The most important difference is about semantics. Modal view controllers typically indicate that the user has to provide some information or do something. This link explains it more in depth: http://developer.apple.com/library/ios/#featuredarticles/ViewControllerPGforiPhoneOS/ModalViewControllers/ModalViewControllers.html
Here's another, less abstract difference they talk about:
"When you present a modal view controller, the system creates a parent-child relationship between the view controller that did the presenting and the view controller that was presented. Specifically, the view controller that did the presenting updates its modalViewController property to point to its presented (child) view controller. Similarly, the presented view controller updates its parentViewController property to point back to the view controller that presented it."

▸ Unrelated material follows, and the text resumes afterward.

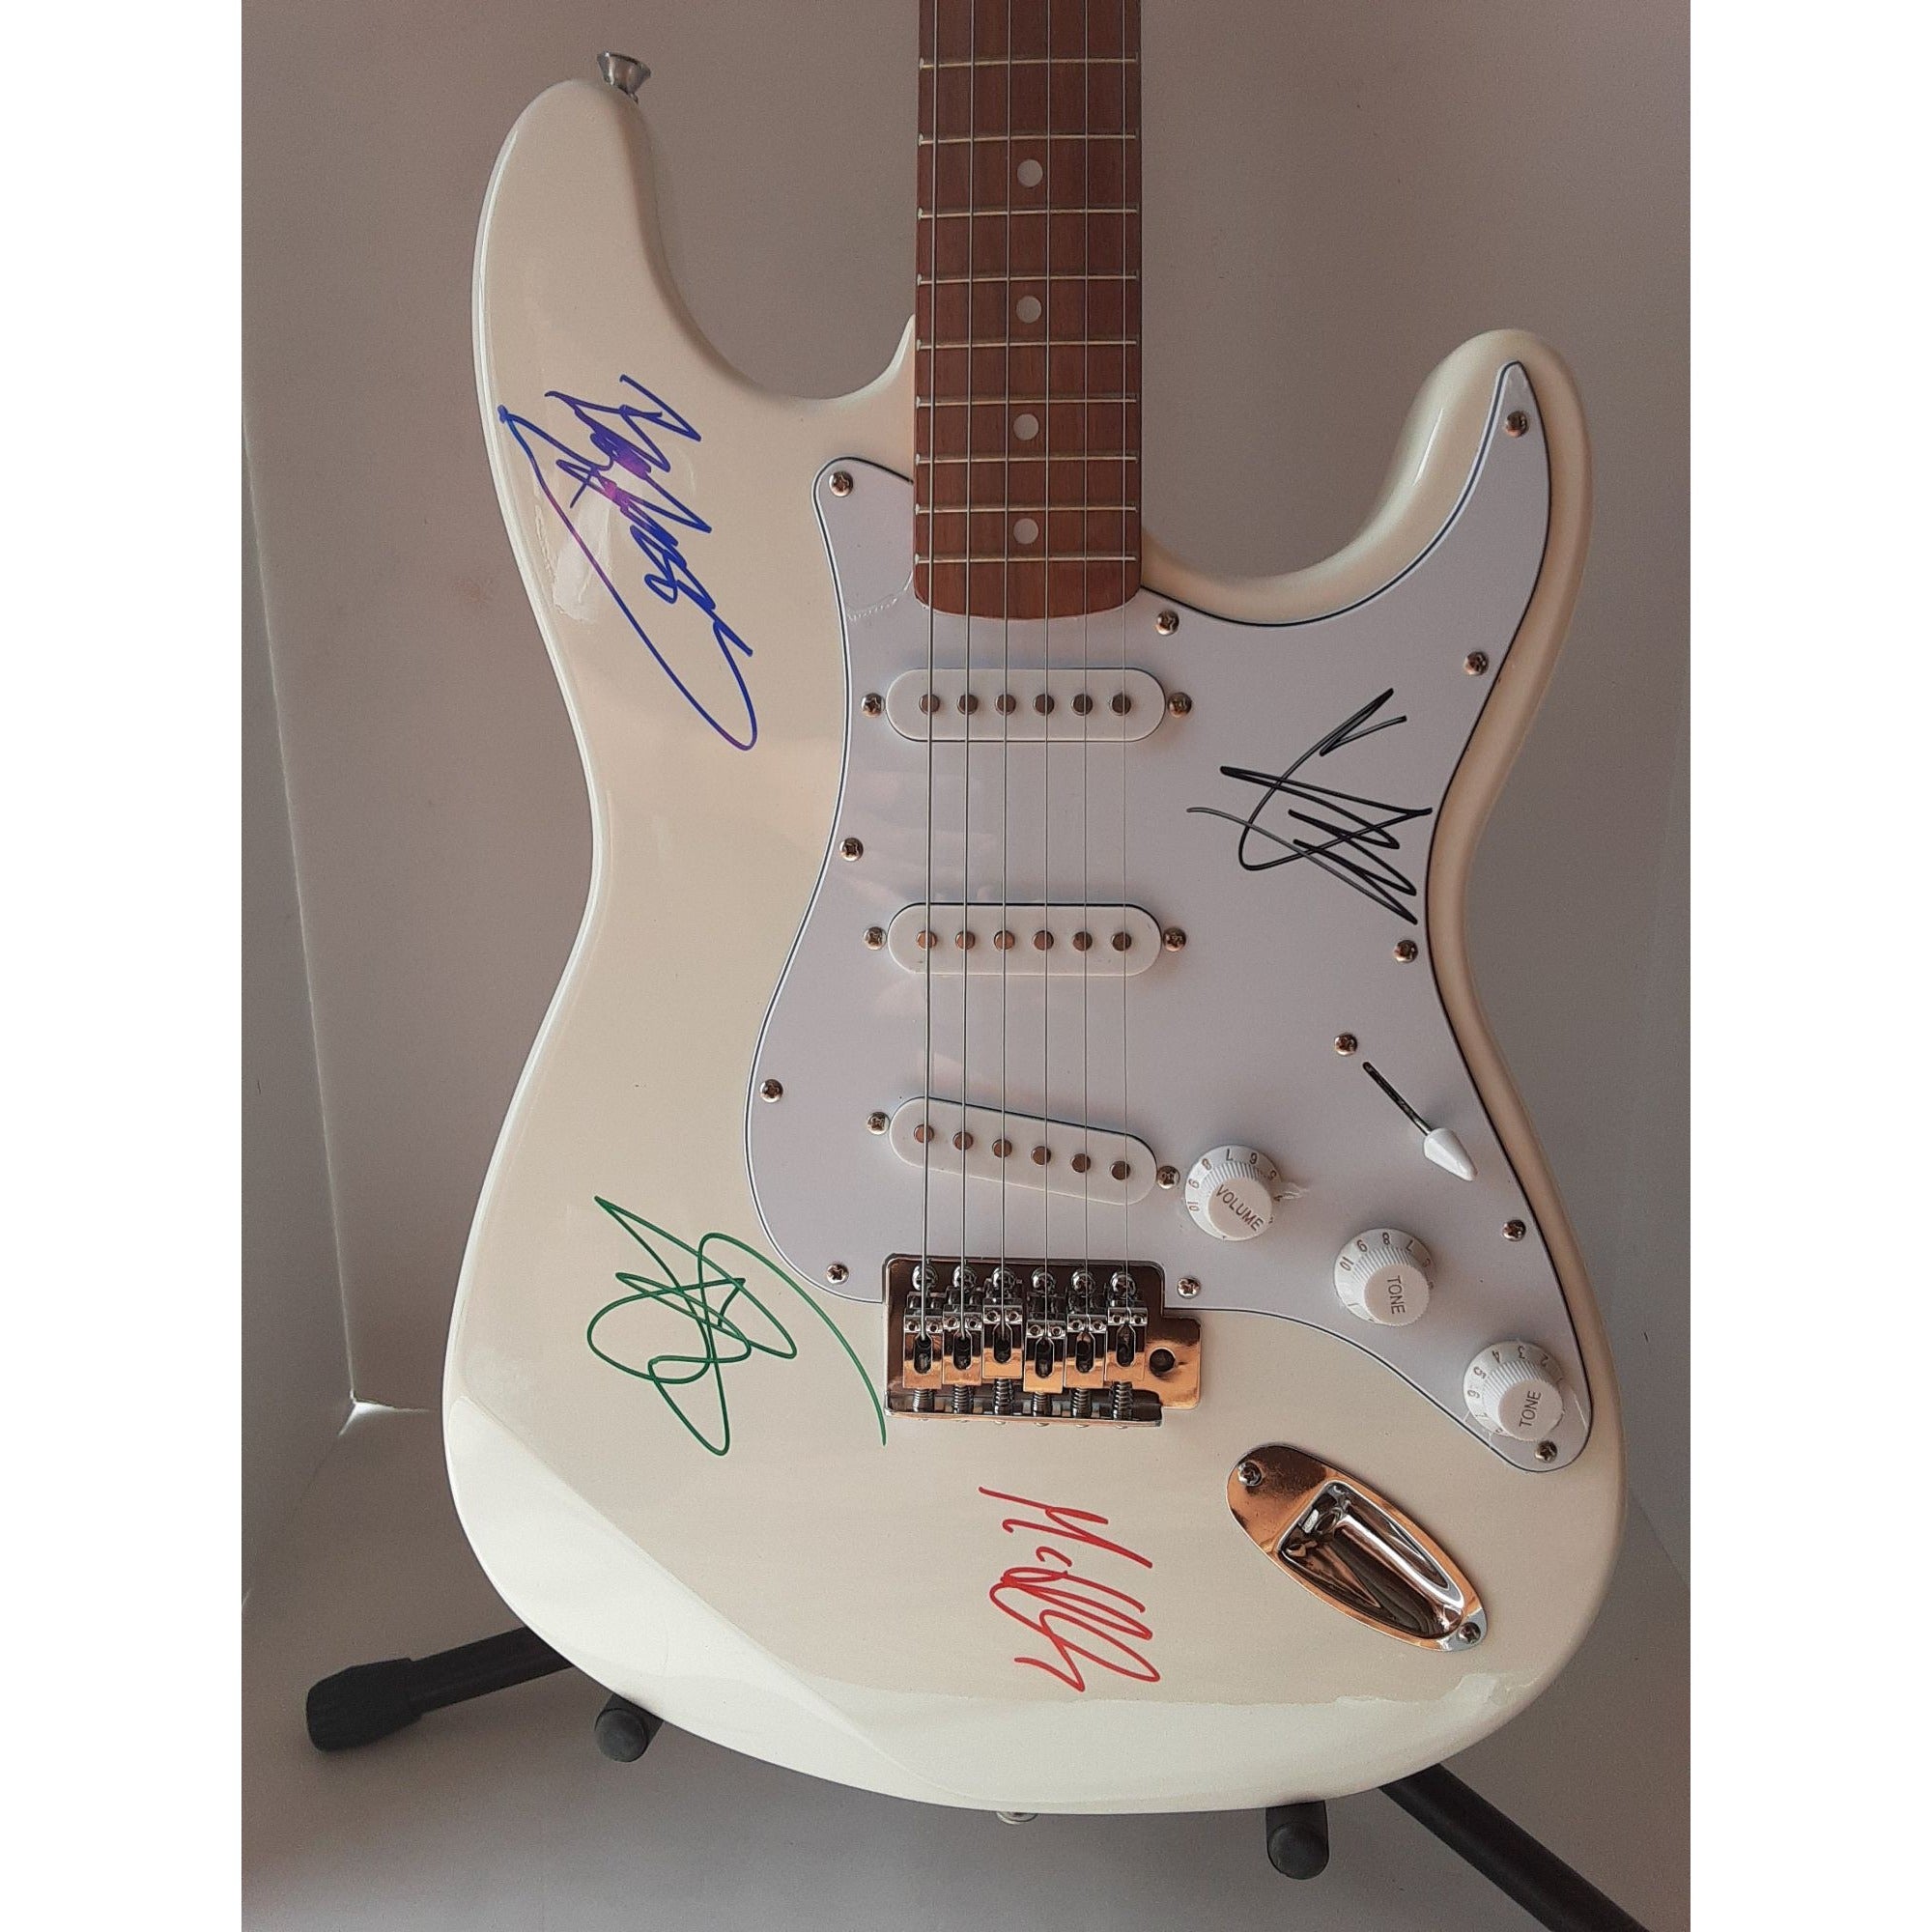 Soundgarden Chris Cornell, Ben Shepherd, Matt Cameron, Kim Thayil signed guitar with proof
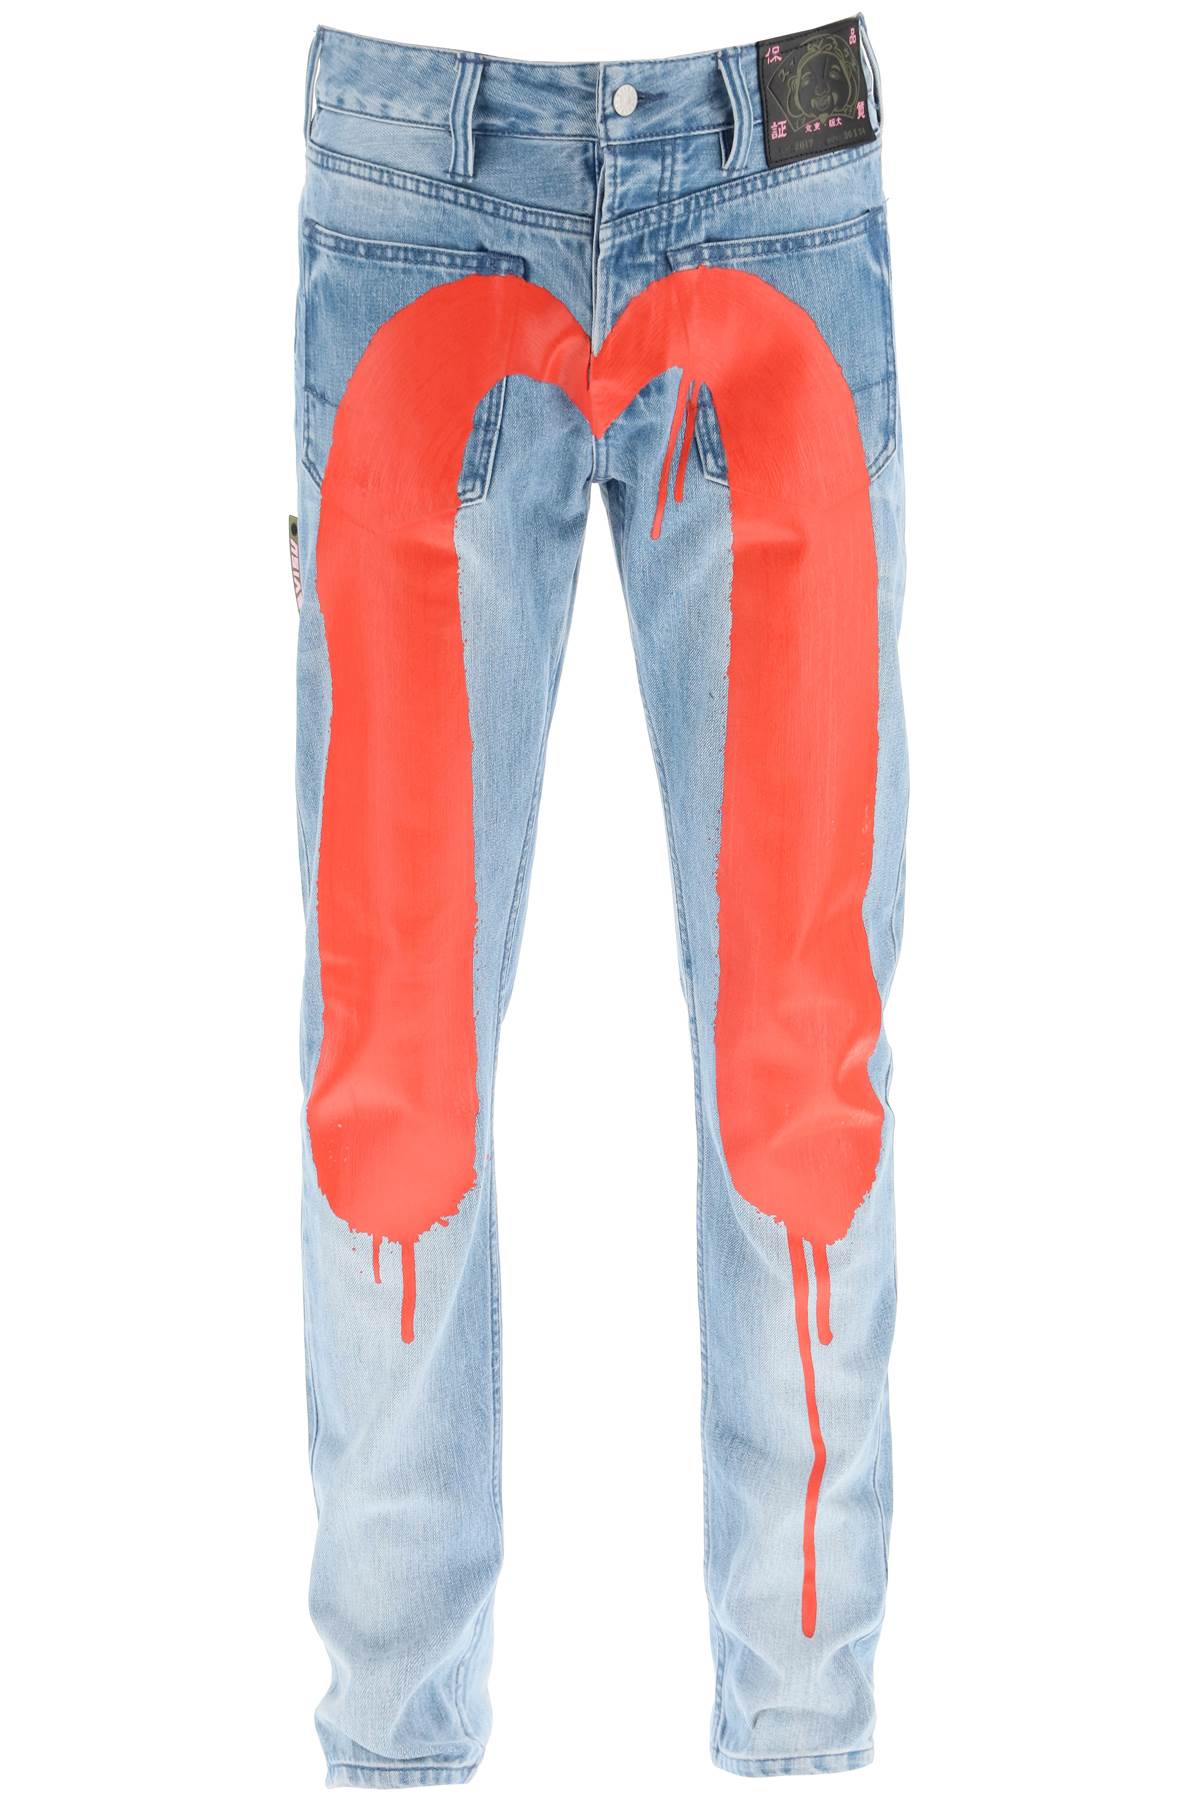 Evisu Daicock Reversed Jeans

Also see this thread: why "present modal view controller"?
Take a look into the viewControllers in the image
The top 2 viewControllers(login & submit) at the top left are disconnected from the tabBarController & NavigationController
The rest of the viewControllers are embedded in a NavigationController. They somehow belong to the natural flow of the app.
Now you have to ask yourself
Do I need to always show login + submit page every time? It would be pain in the neck for the user to each time go to login even if they logged in last time. These 2 screen really don't fit the natural flow of the screens. So what do we do? We just add them modally using presentViewController
However for the rest of the viewControllers we want to keep them inside 2 navigation so we can easily go back and forth so we use pushViewController
For more information I recommend you to see this video
The image was also picked from this great answer. It's worthy of a look.
This is what my experience says,if you want to manage a hierarchy of views,better go for pushViewController in the navigation controller. It works like a stack of view-controllers in the navigation controller. If however the requirement is just to show a view on executing some actions on the parent view controller then the best way is presenting it modally.
If you need a complex push pop logic always prefer a pushViewController.
UINavigationController are used when you want to have some sort of hierarchal representation of your data (ie drill down). They work using a stack of UIViewController subclasses. Every time you “drill down”, you simply add another view controller to the stack. Then, the “back” logic is simply a matter of popping view controllers off of a stack.